The Board of Directors has constituted certain committees to effectively manage the operations of PSPC. The following committees assist the board in carrying out its role and responsibilities:
Chairman: Carlos R. Alindada, CPA
Members: Hyun Chul Lee
The Audit Committee must be composed of at least three (3) directors, who preferably must have accounting and finance backgrounds, one of whom must be an independent director and another with audit experience. The independent director chairs the Audit Committee.
The committee’s duties and responsibilities include, but are not limited to, the following:
a. Assisting the Board in the performance of its oversight responsibility for the financial reporting process, system of internal control, audit process, and monitoring of compliance with applicable laws, rules and regulations.
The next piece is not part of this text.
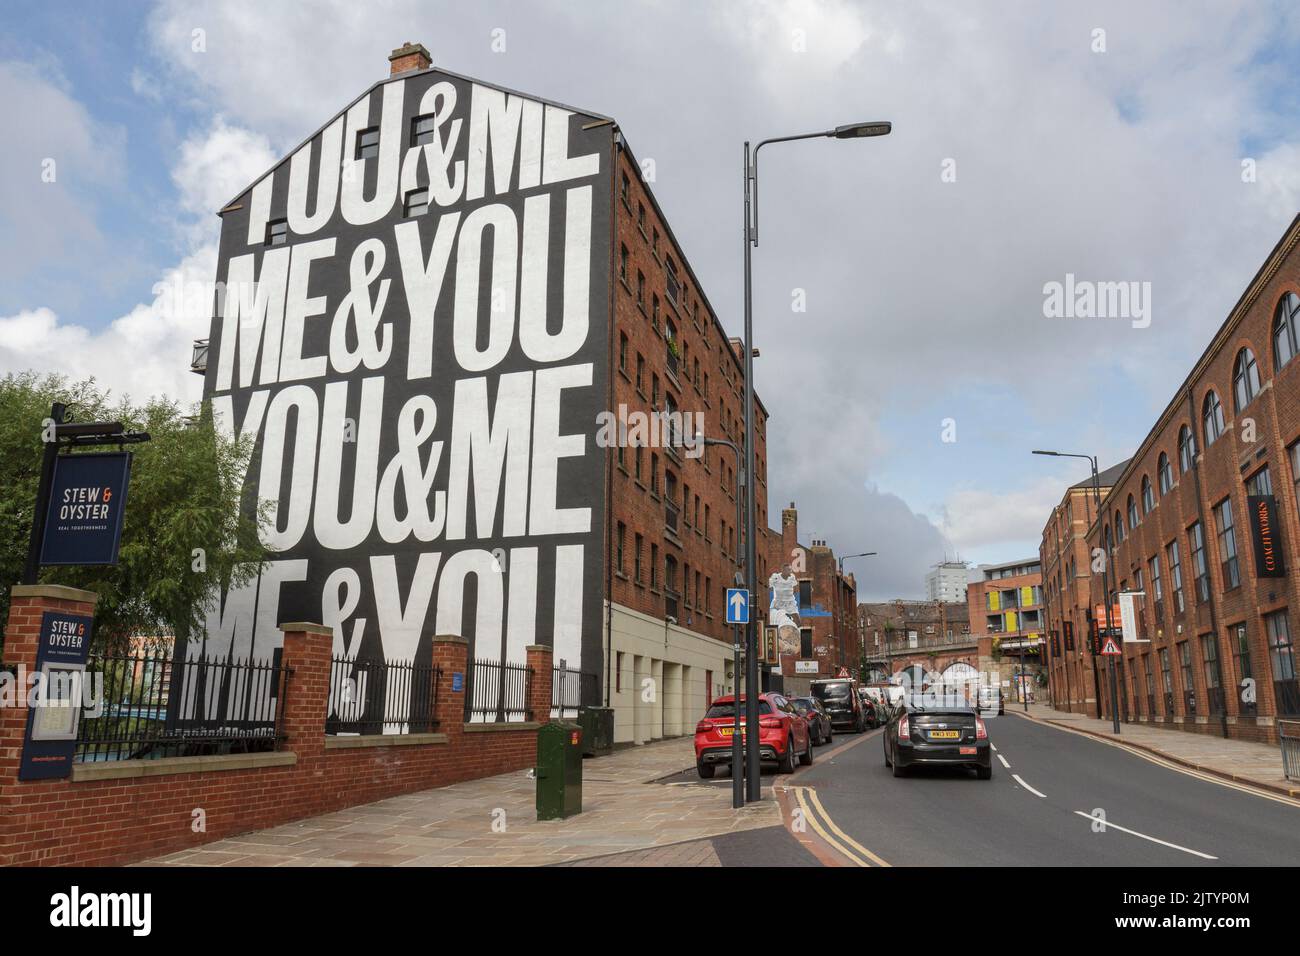 Murals on the sides of former warehouses in the Calls Landing area of Leeds, West Yorkshire, UK. Stock Photo

b. Providing oversight over Management’s activities in managing credit, market, liquidity, operational, legal and other risks of the Company; and
c. Performing oversight functions over the Company’s internal and external auditors. It should ensure that the internal and external auditors act independently from each other, and that both auditors are given unrestricted access to all records, properties and personnel to enable them to perform their respective audit functions.
Audit Committee Charter
Chairman: Byeongchun Lee
Members: Intae Hwang
Mary Delia G. Tomacruz
The Nomination Committee may be composed of at least three (3) members, one of whom must be an independent director. The committee’s duties and responsibilities include the review and evaluation of the qualifications of all persons nominated to the Board and other appointments that require Board approval and to assess the effectiveness of the Board’s processes and procedures in the election or replacement of directors.